And then in the root shell, type

export PYTHONPATH=$PYTHONPATH:/opt/gcf/src:/home/gram/gram/src:/home/gram/gram/src/gram/am/gram
python /home/gram/gram/src/gram/am/gram/set_namespace.py
  1. Edit /etc/hosts - Not clear that this is necessary anymore.

Each control/compute node must be associated with the external ip address. It should look similar to:

127.0.0.1       localhost
128.89.72.112   bbn-cam-ctrl-1
128.89.72.113   bbn-cam-cmpe-1
128.89.72.114   bbn-cam-cmpe-2
  1. Installing OS Images : Only on the Control Node

At this point, OS images must be placed in OpenStack Glance (the image repository service) to support creation of virtual machines.

The choice of images is installation-specific, but these commands are provided as a reasonable example of a first image, a 64-bit Ubuntu 12.04 server in qcow2 format (http://cloud-images.ubuntu.com/releases/precise/release/ubuntu-12.04-server-cloudimg-amd64-disk1.img)

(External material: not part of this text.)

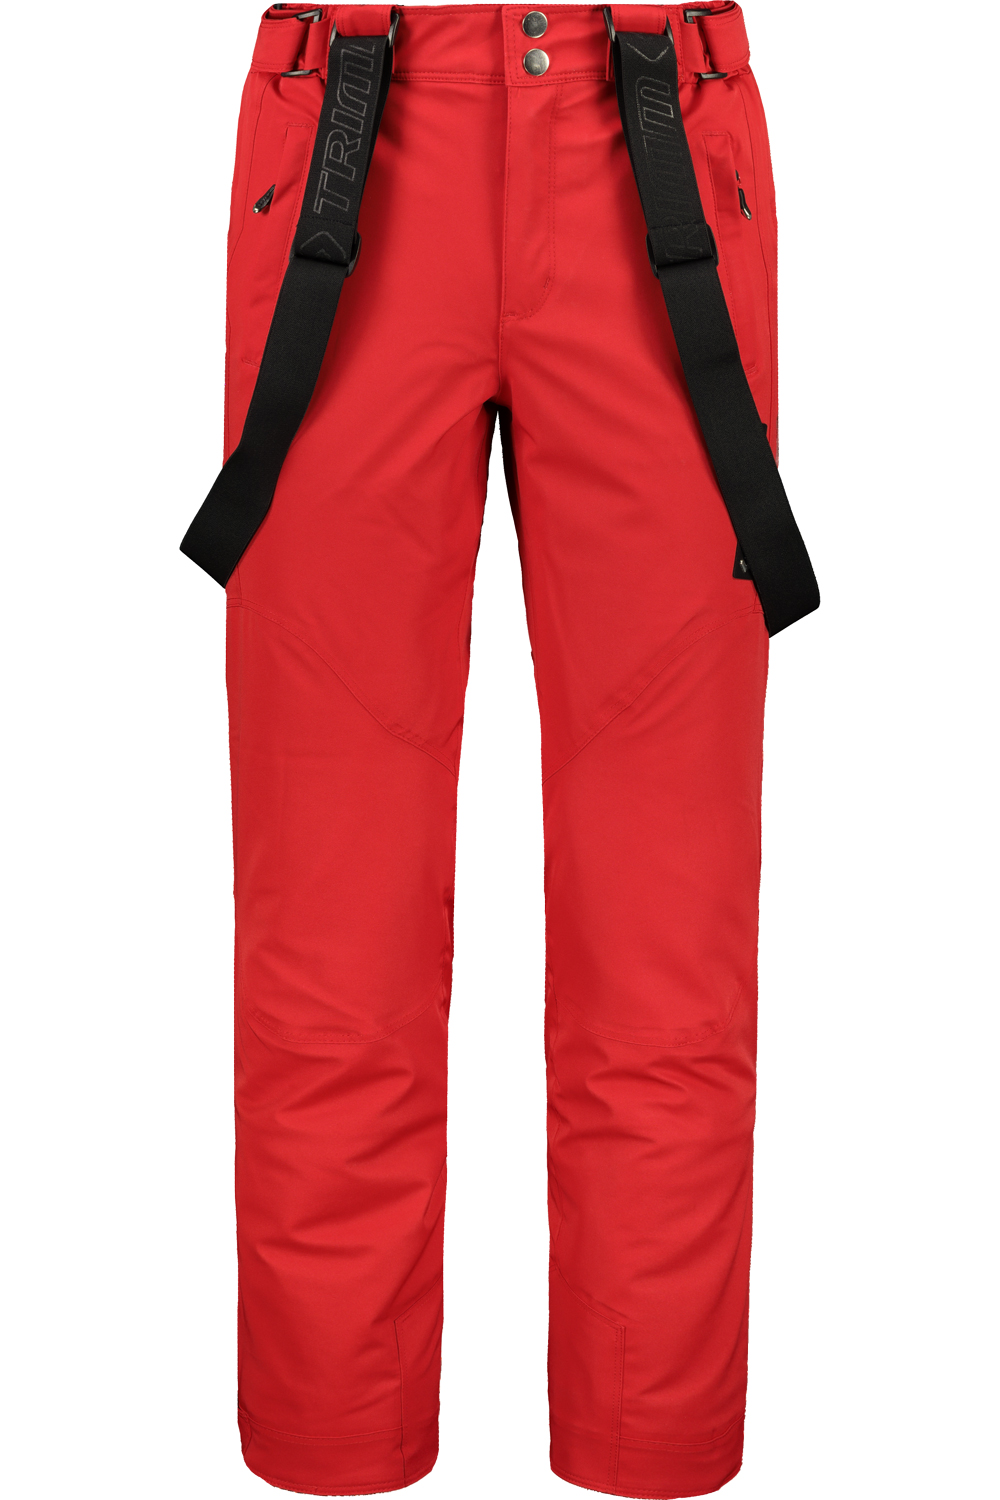 Ανδρικό παντελόνι για σκι TRIMM RIDER

wget http://cloud-images.ubuntu.com/releases/precise/release/ubuntu-12.04-server-cloudimg-amd64-disk1.img
glance image-create --name "ubuntu-12.04" --is-public=true \
--disk-format=qcow2 --container-format=bare < \
ubuntu-12.04-server-cloudimg-amd64-disk1.img
#Make sure your default_OS_image in /etc/gram/config.json is set to 
# the name of an existing image

Another image, a 64-bit Fedora 19 in qcow2 format (http://download.fedoraproject.org/pub/fedora/linux/releases/19/Images/x86_64/Fedora-x86_64-19-20130627-sda.qcow2)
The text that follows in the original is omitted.